Final answer:
A confidence interval for a population proportion is calculated using the sample proportion, sample size, and associated z-score. The interval is estimated by adding and subtracting the margin of error from the sample proportion, with both np' and nq' being greater than five for accuracy.
Step-by-step explanation:
Calculating Confidence Interval for Population Proportion
To calculate a confidence interval for a population proportion, you first need the sample proportion (p') and the sample size (n). From these, you can calculate the estimated proportion of failures (q' = 1 - p'). The standard error (SE) of the proportion is then calculated using the formula SE = √[(p')(q') / n]. For a 95% confidence interval, you also need the z-score associated with this confidence level, which is typically 1.96 for a two-tailed interval.
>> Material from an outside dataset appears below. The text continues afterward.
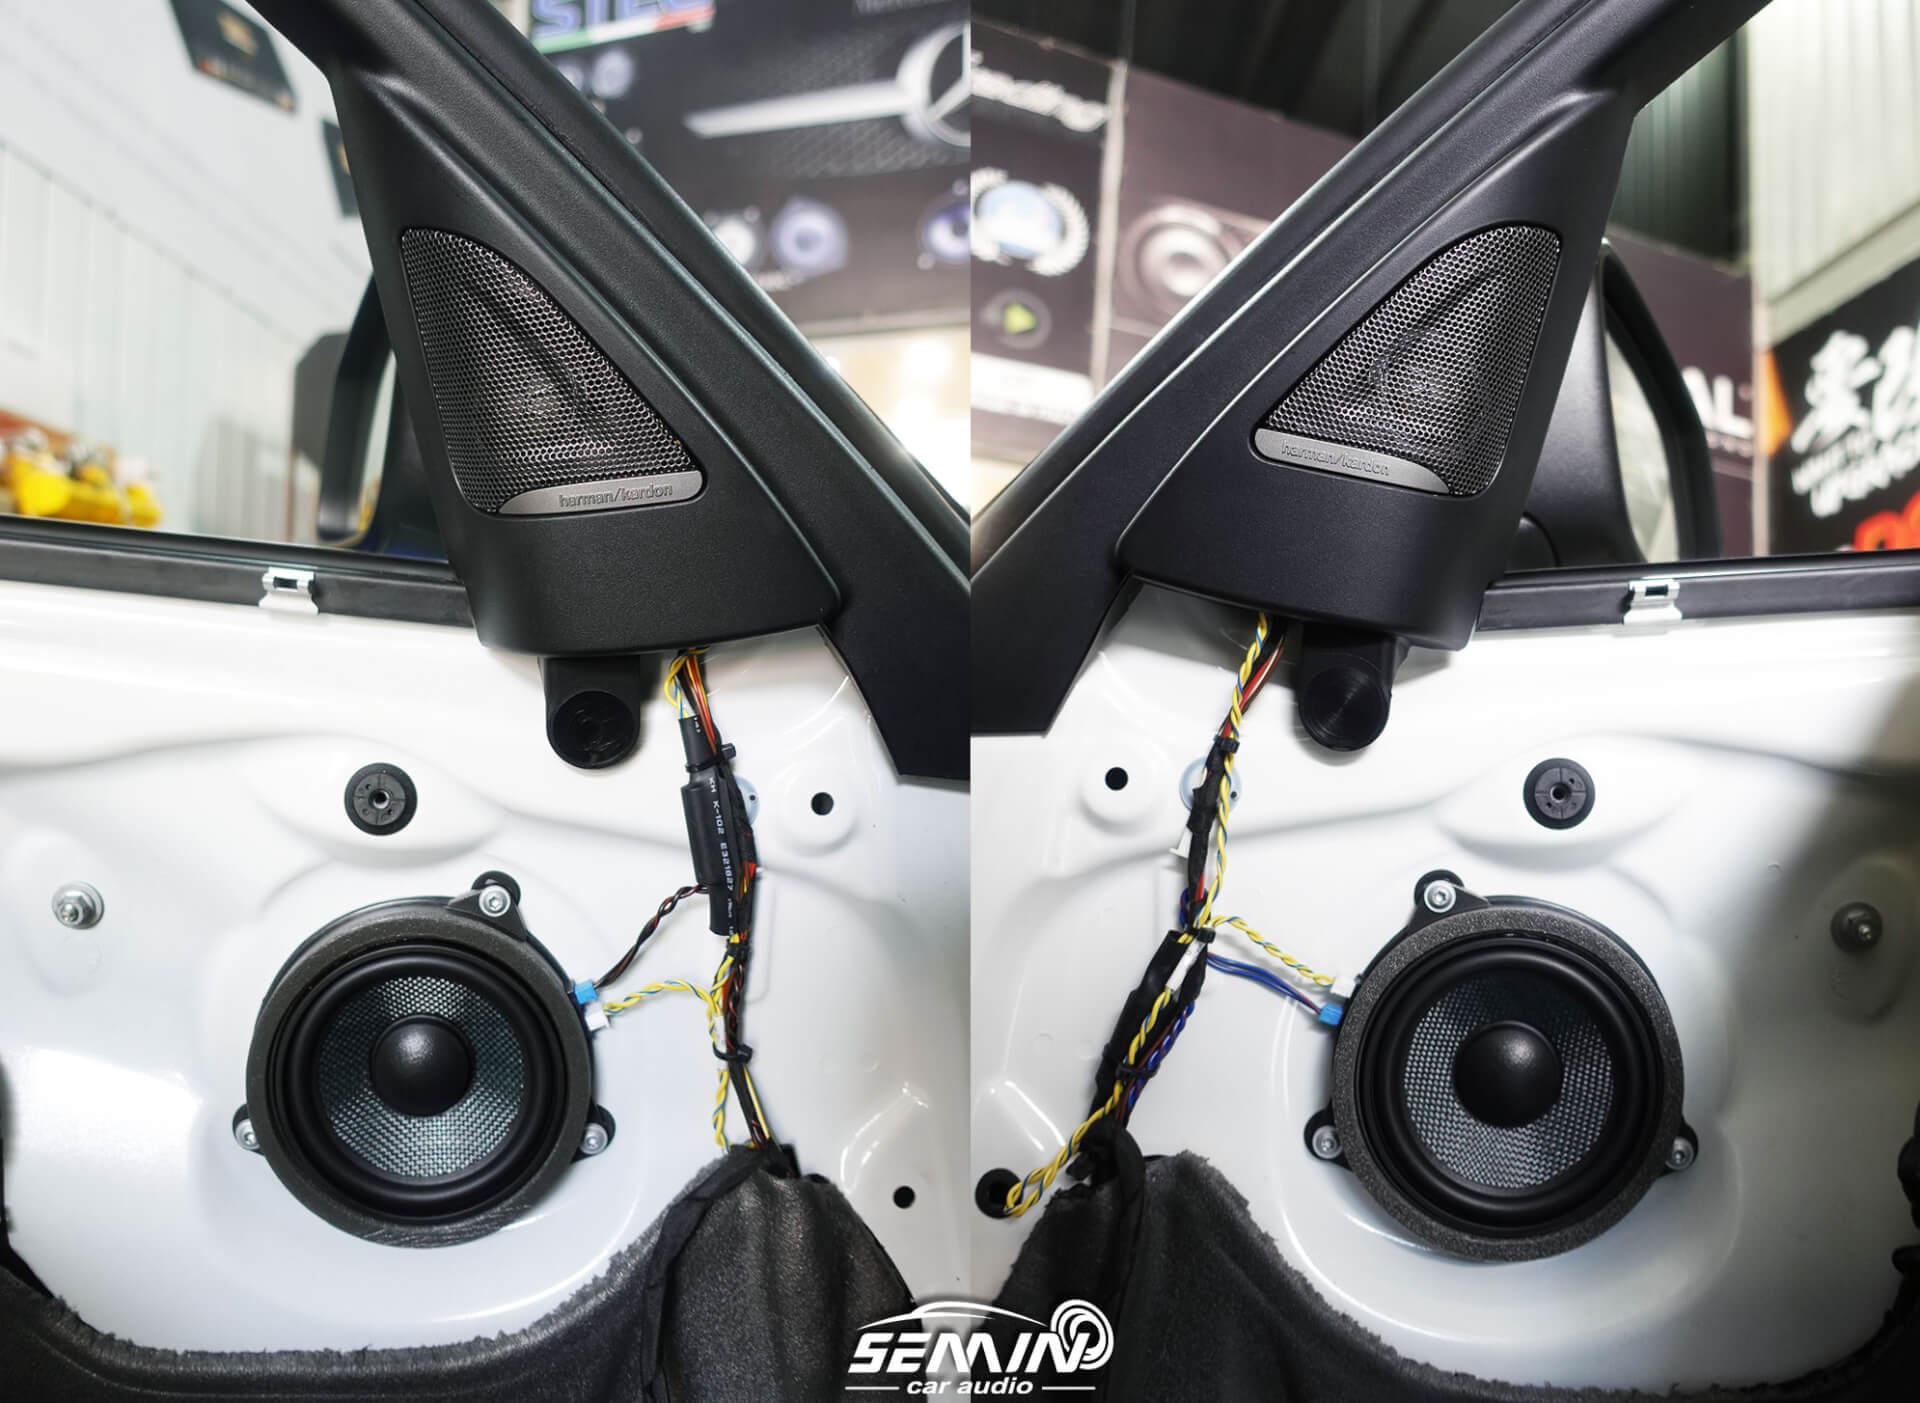 F30 無損升級 ZEST 專用喇叭+DSP擴大機

Therefore, the 95% confidence interval can be calculated as p' ± Z * SE, where Z is the z-score. To ensure accuracy, the rule of thumb is that both np' and nq' should be greater than five.
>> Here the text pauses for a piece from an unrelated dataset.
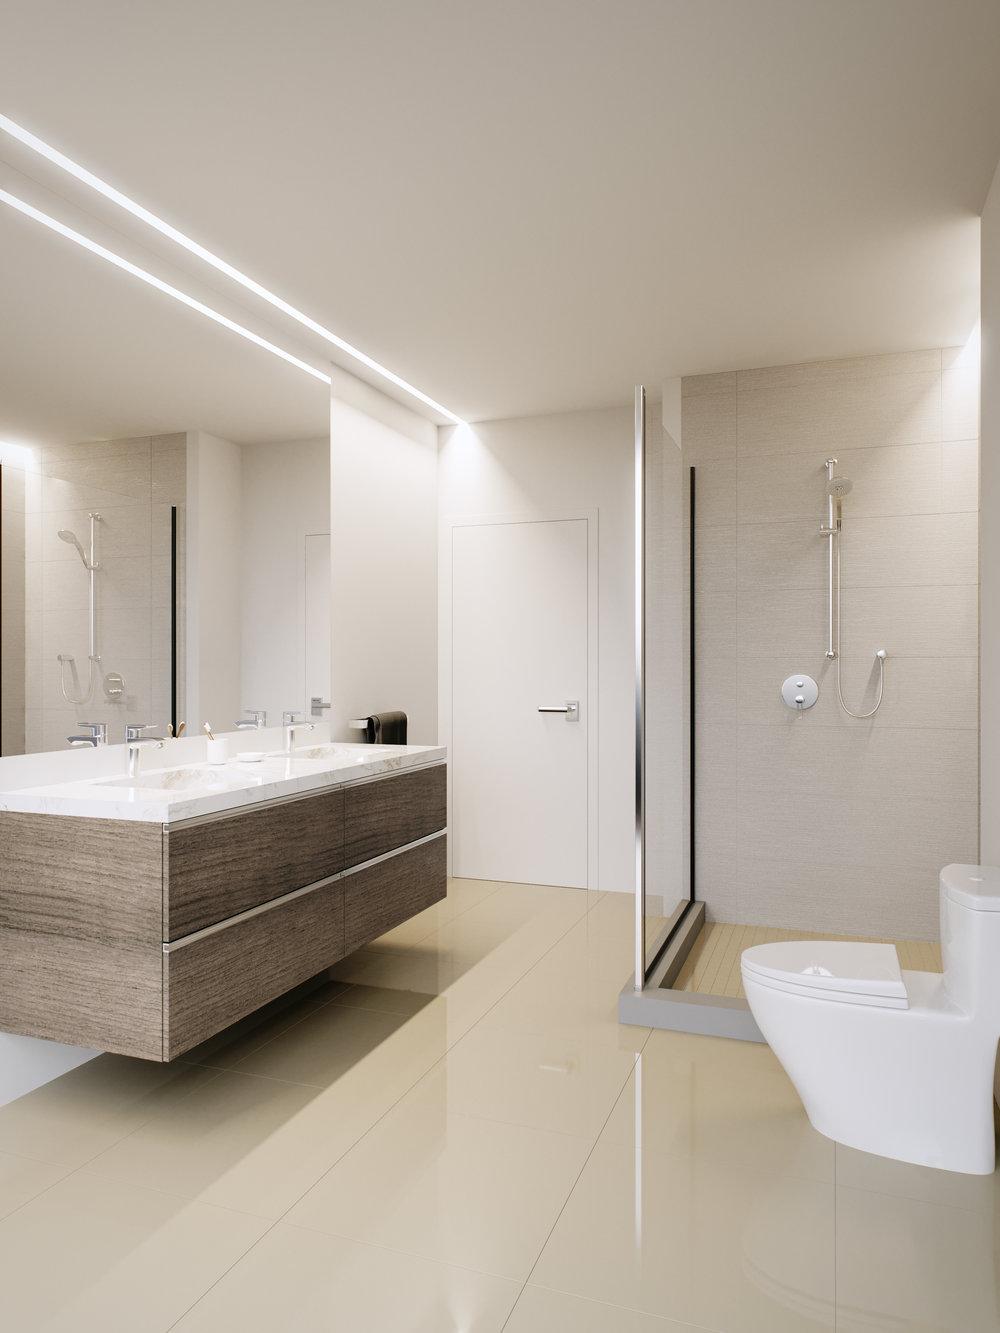 pacific-verde-luxury-plus-bath-c01_00000.jpg

For the example given, with a sample of 500 city residents where 280 own an automobile, the sample proportion (p') is 280/500 = 0.56, and q' is 1 - 0.56 = 0.44. The SE would be √[(0.56)(0.44) / 500]. Multiplying this SE by the z-score of 1.96 provides the margin of error, which is then added to and subtracted from p' to obtain the confidence interval.
Once the upper and lower bounds of the interval are determined, they can be expressed in the form: (lower bound, upper bound). This interval estimates the true population proportion with a specified level of confidence.
In terms of sample size, if you want the margin of error to be within a certain range, you can use the formula for the error bound of a population proportion (EBP) to work backward and find the minimum sample size required.